Speed up your Docker builds by not doing them in the first place. This project provides a reusable implementation of a basic strategy that I have used in a few different stand-alone projects at different times. The main concept is to aggressively reuse Docker containers, with a few assumptions (and a few caveats) about how they are used.
- Build a context.
- Generate a tag from the context using a checksum.
- Check if the image already exists.
- Build it (or not).
- Your image build is essentially idempotent.
- Your image (output) is essentially a function of the context (input).
- Any deviations from the above are negligible to your usage.
These assumptions do not need to be exactly true. For example, if you do an
apt-get install of some package, that is not idempotent because you could get
different versions of packages depending on when you run it. But if you don't
really care about that, you can ignore it. (See caveats below.)
If on the other hand, you build the exact same context relying on external dependencies in your build to produce a different resulting container, this strategy is not going to work for you.
Ideally, your image should be built once and pushed to some registry, then everyone else just pulls the existing image. This would ensure everyone has the exact same image for the given tag. But that's not always practical with decentralized development.
If your image build is not exactly idempotent, you can end up with different
images being tagged with the same generated tag. Even though the context is the
same, external dependencies can drift. For example, apt-get install installing
packages of different versions.
If images are built around the same time, the problem is usually not so bad, because the dependency drift is not too much. If the images are built years apart, the drift may be drastic. This of course depends on how close your build is to being idempotent.
As a script:
$ ./hn2b.sh --help
Usage: hn2b.sh [-f | --file DOCKERFILE] [-b | --base BASE_IMAGE]
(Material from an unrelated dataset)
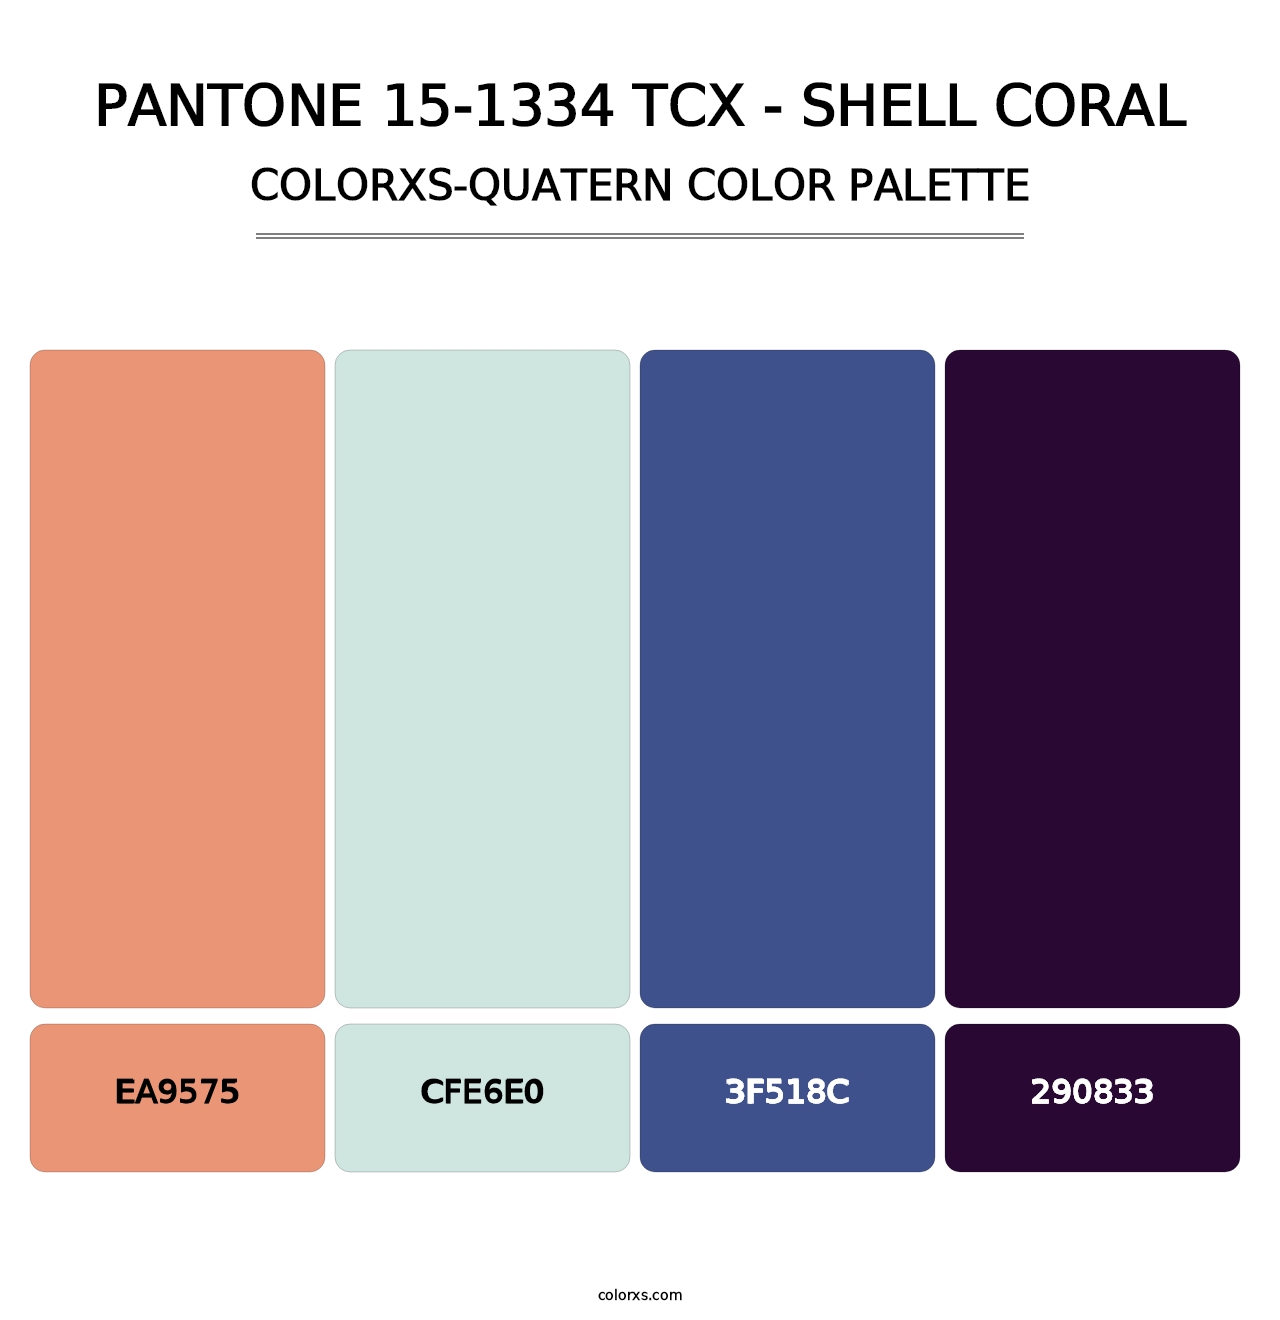 PANTONE 15-1334 TCX - Shell Coral - Colorxs Quatern Palette

[-a | --arg BUILD_ARG] [-s | --secret SECRET] [-p | --push]
[-u | --user USER] [-r | --pass PASS] [-k | --no-cache]
[-n | --name] [-l | --log] [-q | --quiet] [-x | --github ]
[-h | --help]
TARGET_IMAGE [CONTEXT_DIR]
Build (or not build) a Docker image named TARGET_IMAGE, i.e.,
'[REG/][NS/**/]REPO[:TAG]', using CONTEXT_DIR as the context.
-f | --file DOCKERFILE Dockerfile to use for the build
-b | --base BASE_IMAGE Base image to use for the build
-a | --arg BUILD_ARG A build argument, e.g., 'NAME=VALUE'
-s | --secret SECRET A secret argument, e.g., 'NAME=VALUE'
-p | --push Push the newly built container
-u | --user USER User to use during registry login
-r | --pass PASS Password or token to use during registry login
-k | --no-cache Build without using cache
-n | --name Display the name of the image only
-l | --log Display plain progress during build
-q | --quiet Display only essential information
-x | --github Operate in GitHub mode
-h | --help Display this help message
As a GitHub action:
- name: 'Build (Or Not Build) Image'
uses: 'taughz/hn2b@main'
with:
image: 'registry.io/user/my-image:my-tag'
context: 'dir/subdir'
build-args: |
FOO='${{ env.FOO }}'
BAR='${{ env.BAR }}'
registry-pass: '${{ secrets.TOKEN }}'
push: true
HN2B is a pun for anyone that looks at the caveats and thinks, "Why would you ever want to do this?" The best answer I can give is, sometimes simple solutions beat complex ones, even when the complex ones are better.